• [Task objective]:
Could you set down the listing below exactly, leaving out its pictures?

• [Supplied material]:
##############################

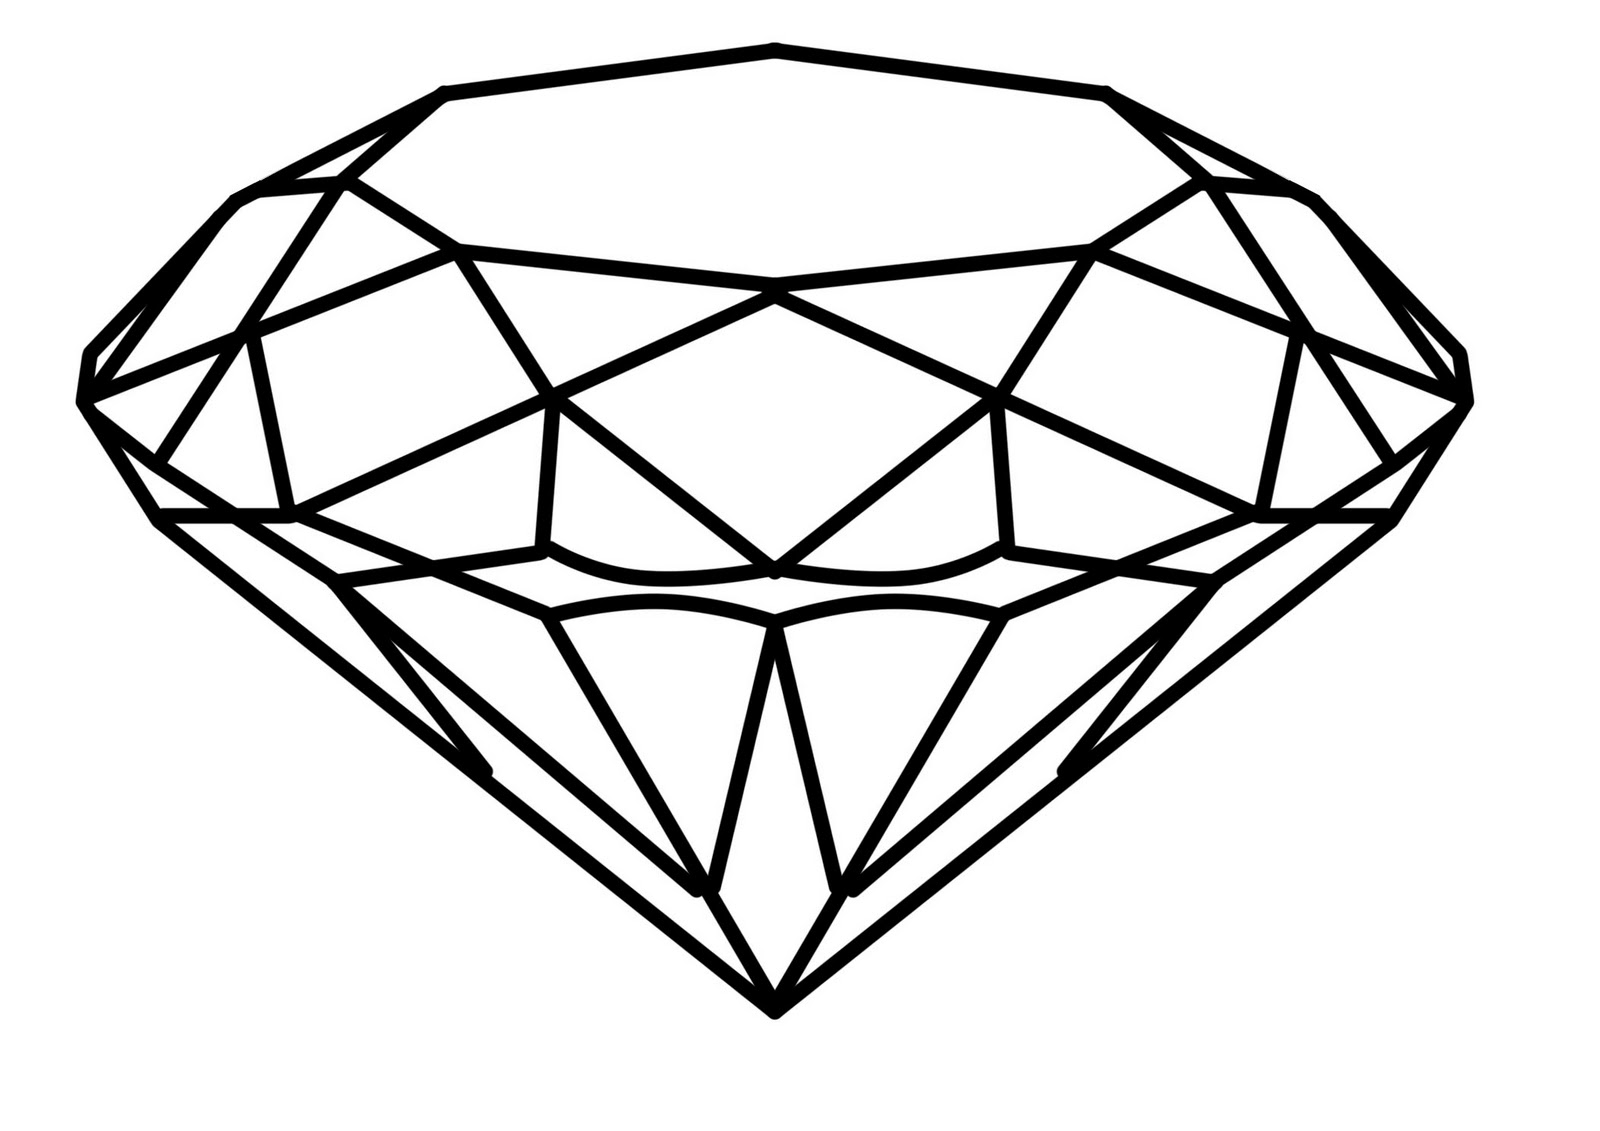 Diamond logo clipart 2
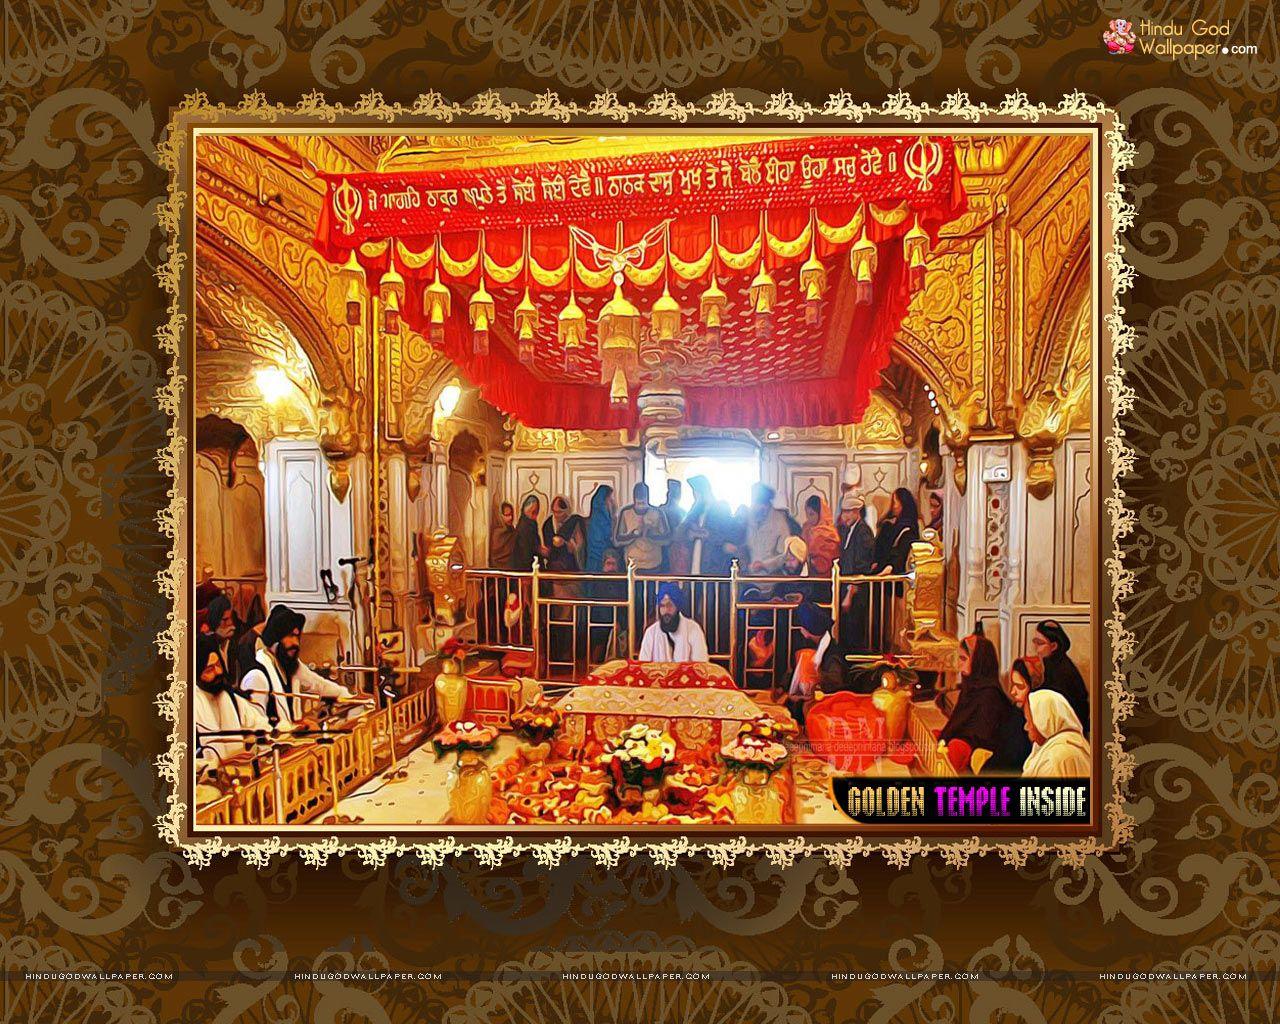 golden temple inside hd wallpaper free download | golden temple
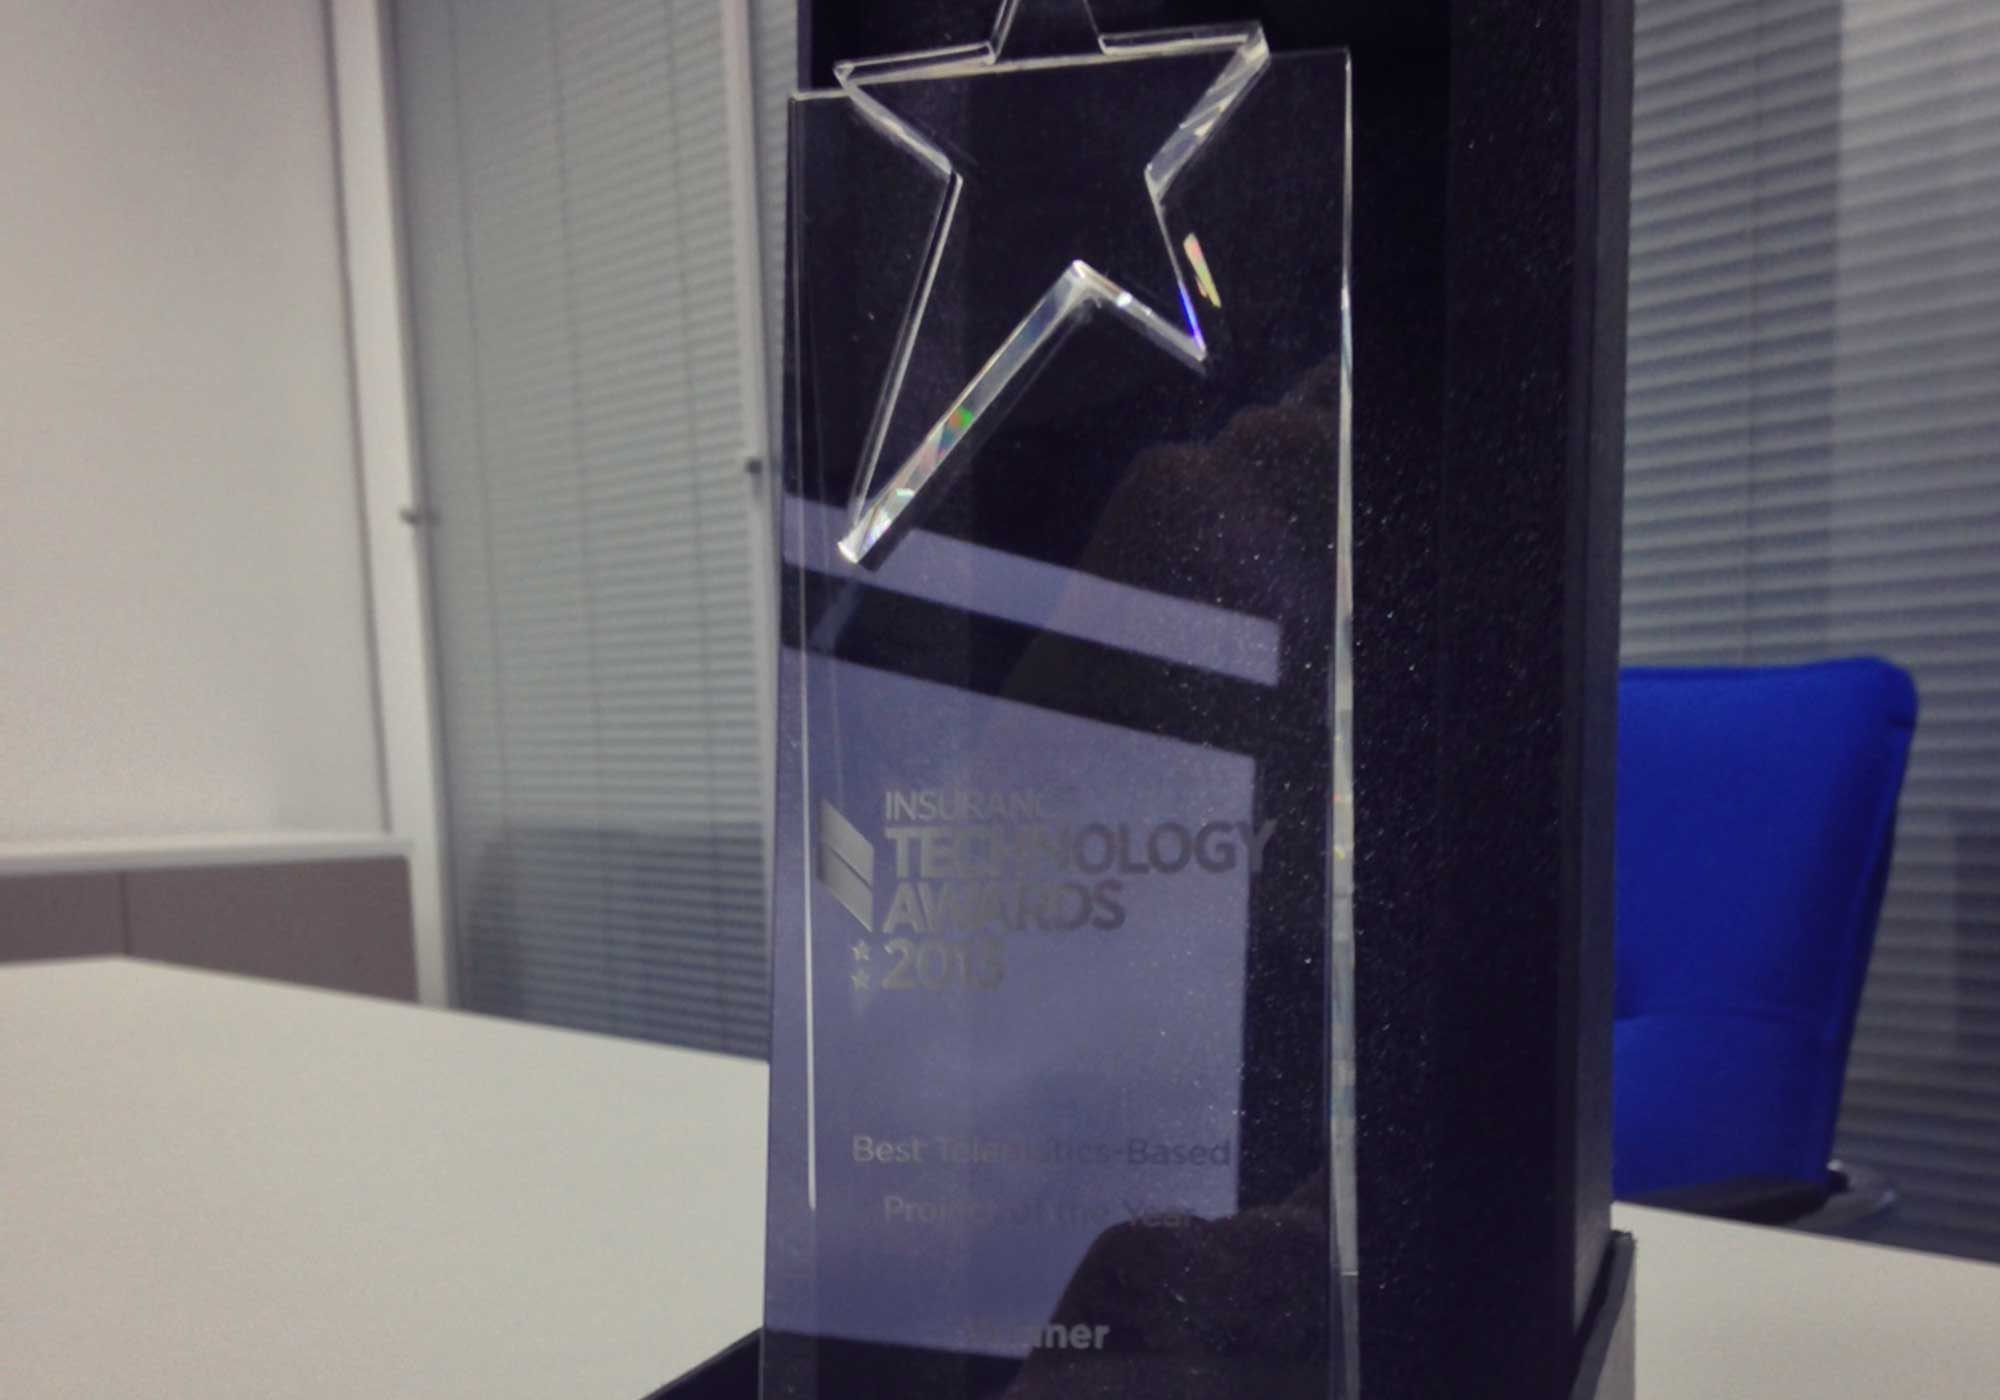 Best telematics awards

##############################

• [Output for this exercise]:
 Diamond logo clipart 2
 golden temple inside hd wallpaper free download | golden temple
 Best telematics awards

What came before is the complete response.